Bu durumdan çok rahatsız olan tanrı onları cezalandırmaya karar verir. Nuh peygambere bir gemi yapmasını emreder.
Bu gemiye hayvan ve kuşlardan eşit miktarda her cinsten bir dişi, bir erkek almasını söyler.
Nuh peygamber gemisini bitirir ve emredilen hayvanları gemisine doldurur. Daha sonra büyük bir tufan kopar. Gemidekilerin dışında canlı kalmaz, büyük sel felaketi hepsini yok eder.

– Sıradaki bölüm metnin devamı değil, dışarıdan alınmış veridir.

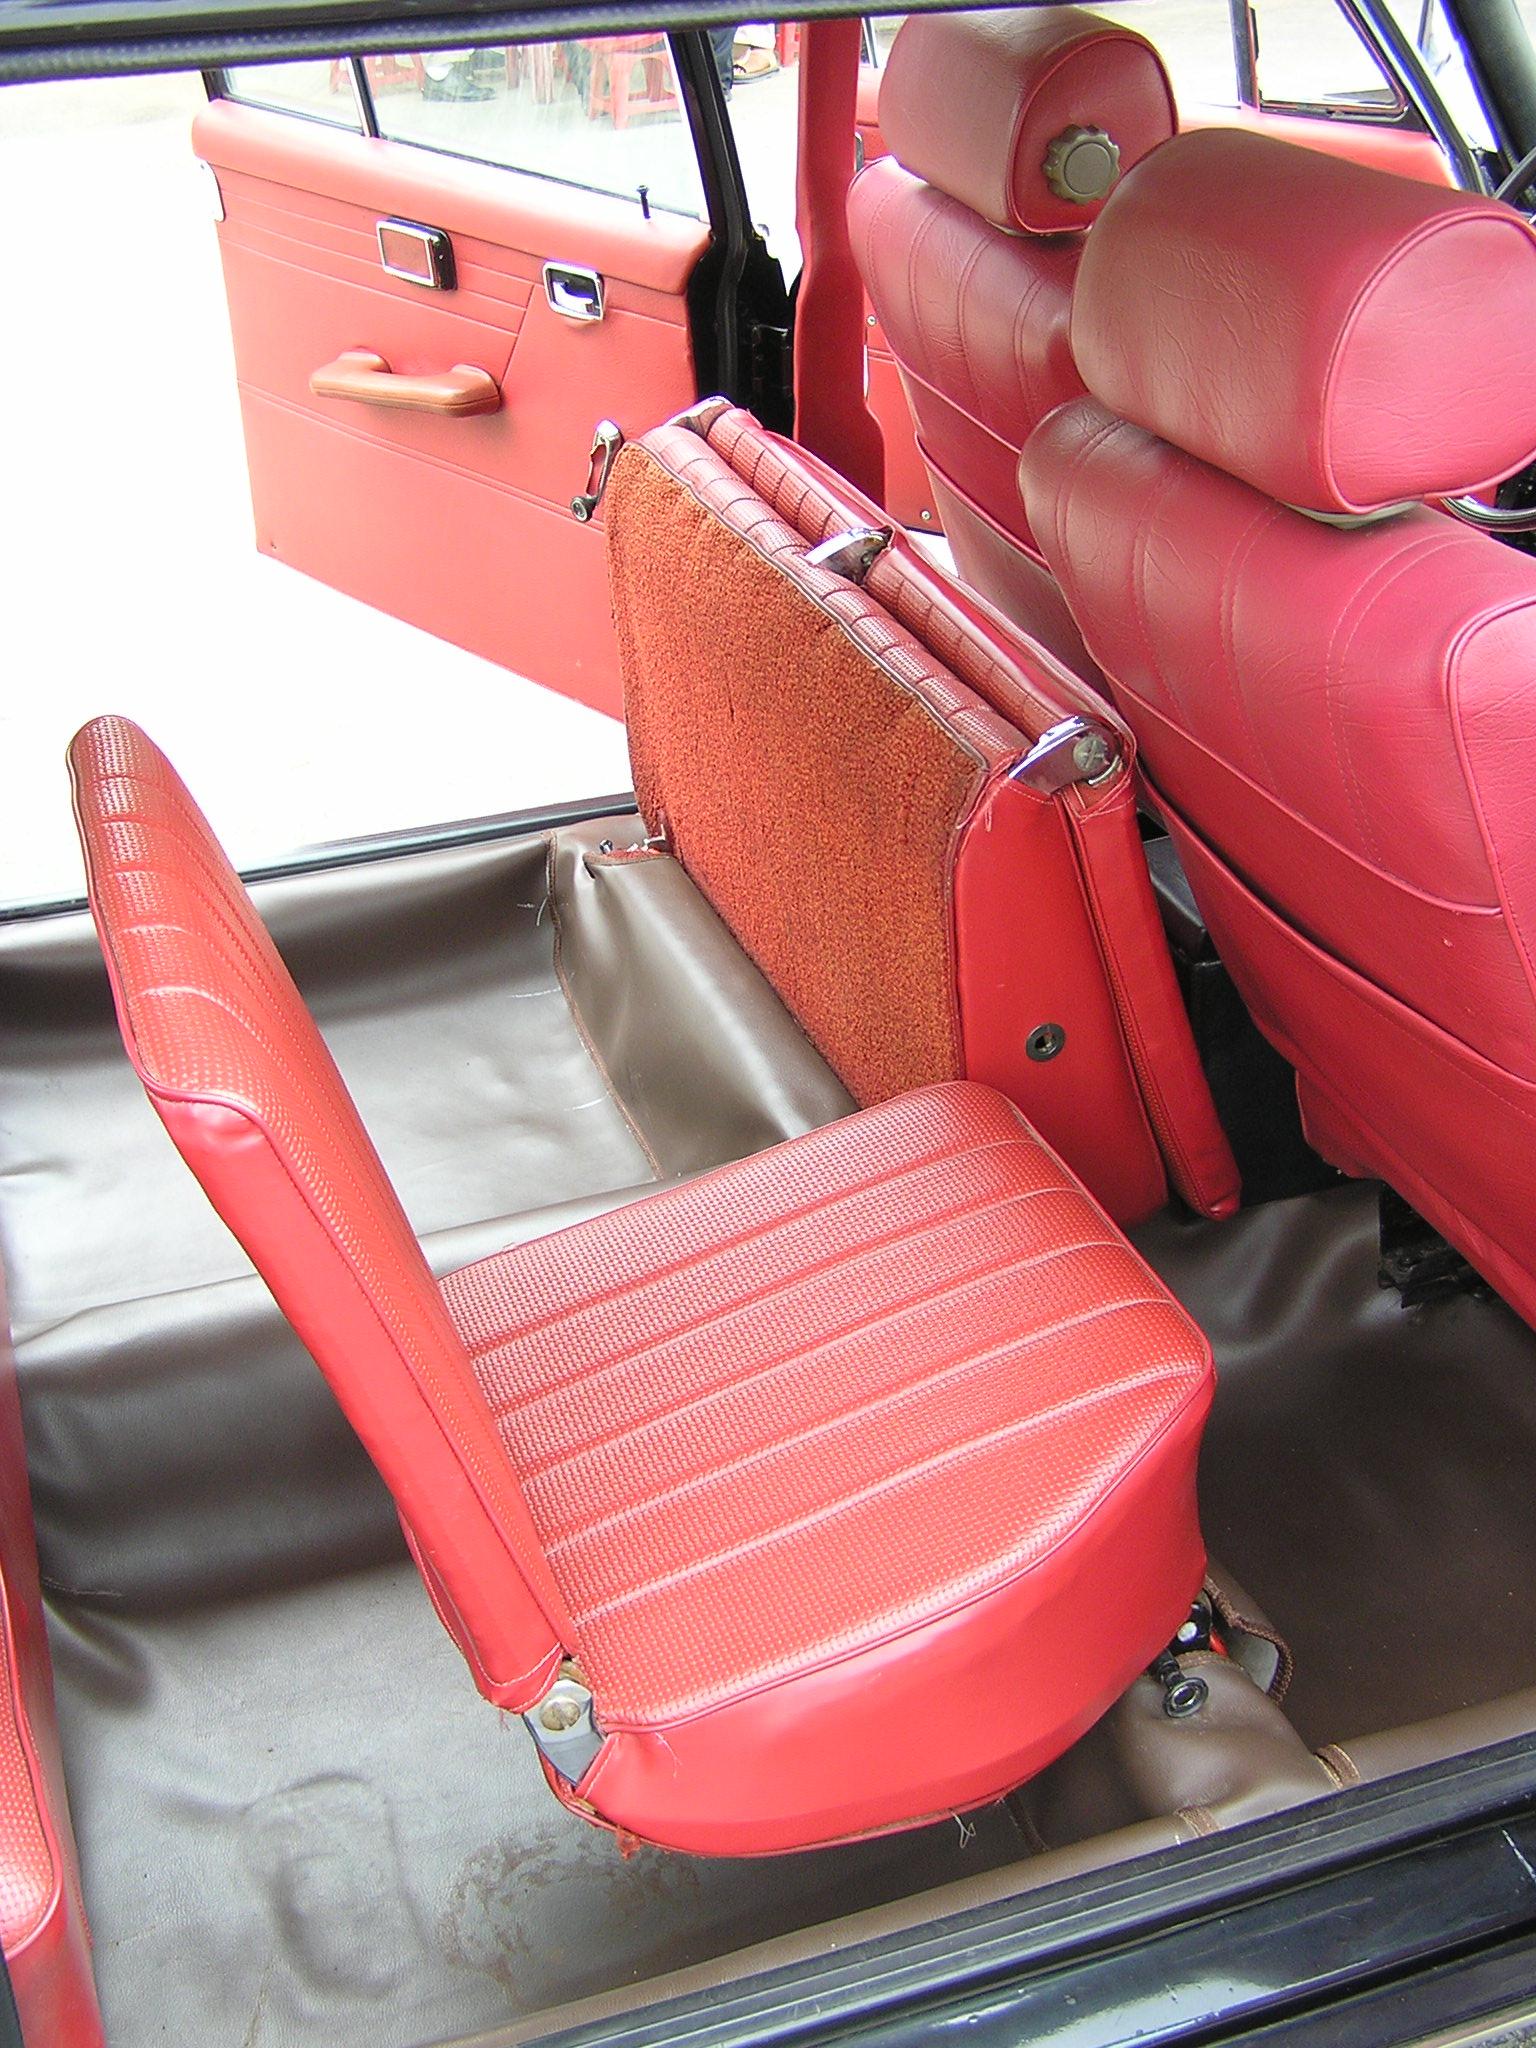 Trai-nghiem-qua-khu-ngot-ngao-tren-Mercedes-Benz-Limousine-230E-1969-anh-16
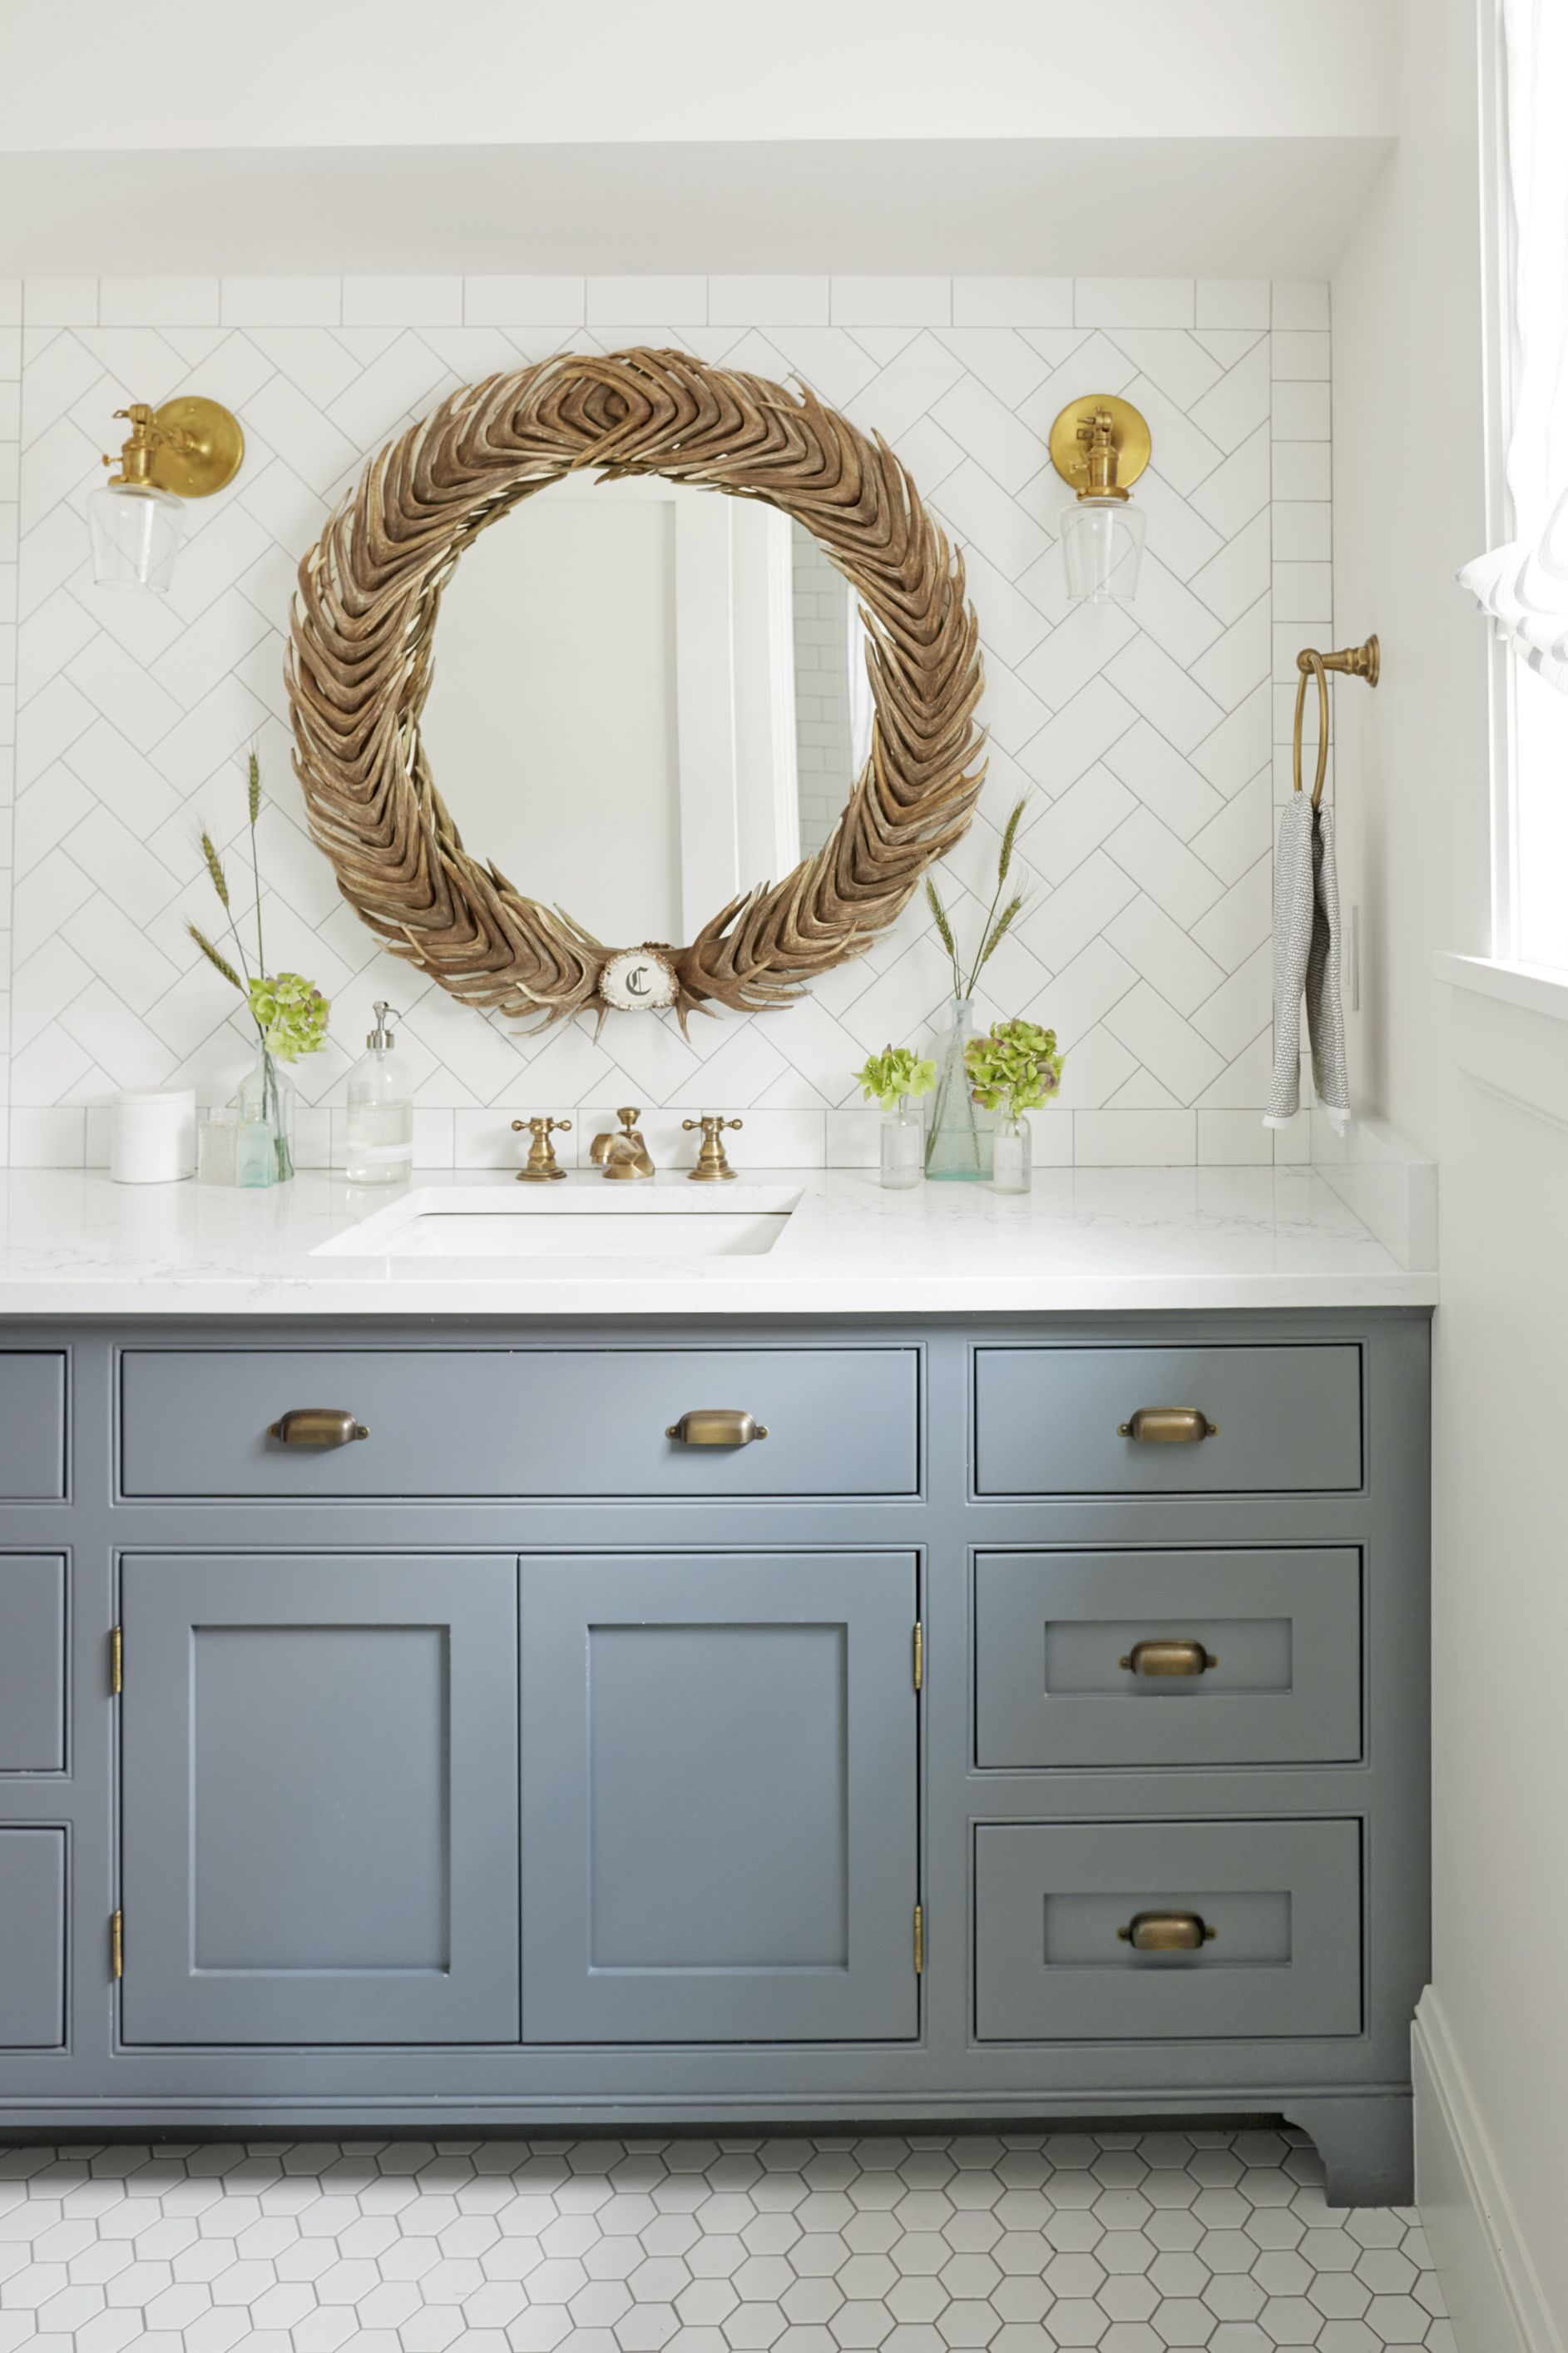 dusty blue bathroom paint color & 20 Best Bathroom Paint Colors - Popular Ideas for Bathroom Wall Colors

Nuh peygamber suların çekilip çekilmediğini anlamak için sabahleyin bir güvercin uçurur. Güvercin akşama doğru gagasında bir zeytin dalı ile döner. Yeryüzünde bir tek canlı kalmıştır o da ölmez ağacın, yani zeytin ağacının ta kendisidir.
Eski Yunan mitolojisinde M.Ö. 17. yüzyılda kurulan bugünkü Atina ile ilgili bir anlatımvardır. Tanrıların babası Zeus yeni kurulacak olan şehre isim koymak için tanrılar meclisini toplar. Bu şehre en değerli hediyeyi getiren tanrının ismini bu şehre vereceğini söyler. Deniz tanrısı Poseidon denizden savaşta çok işe yarayacağına inandığı bir at çıkarır.
Bilim tanrısı Athene aşıladığı bir yabani zeytin ağacını şehre getirir ve armağan eder. Bu ağaç meyve verecek, insanlar da bunu yiyecek. Bu meyveden çıkarılan yağ karanlık geceleri aydınlatacak, aynı zamanda yemeklik yağ olarak mutfakların baş tacı olacaktır.
Bu ağaç yarışı kazanarak Akropolise dikilir, şehre ise bilim tanrısı Athene`nin adı verilir. Eski Yunan`da zeytin ağacı kutsal olup salonları süslerdi. Zeytin ağacını kesen veya zarar veren mahkeme önüne çıkarılır ve ölüme mahkum edilirdi.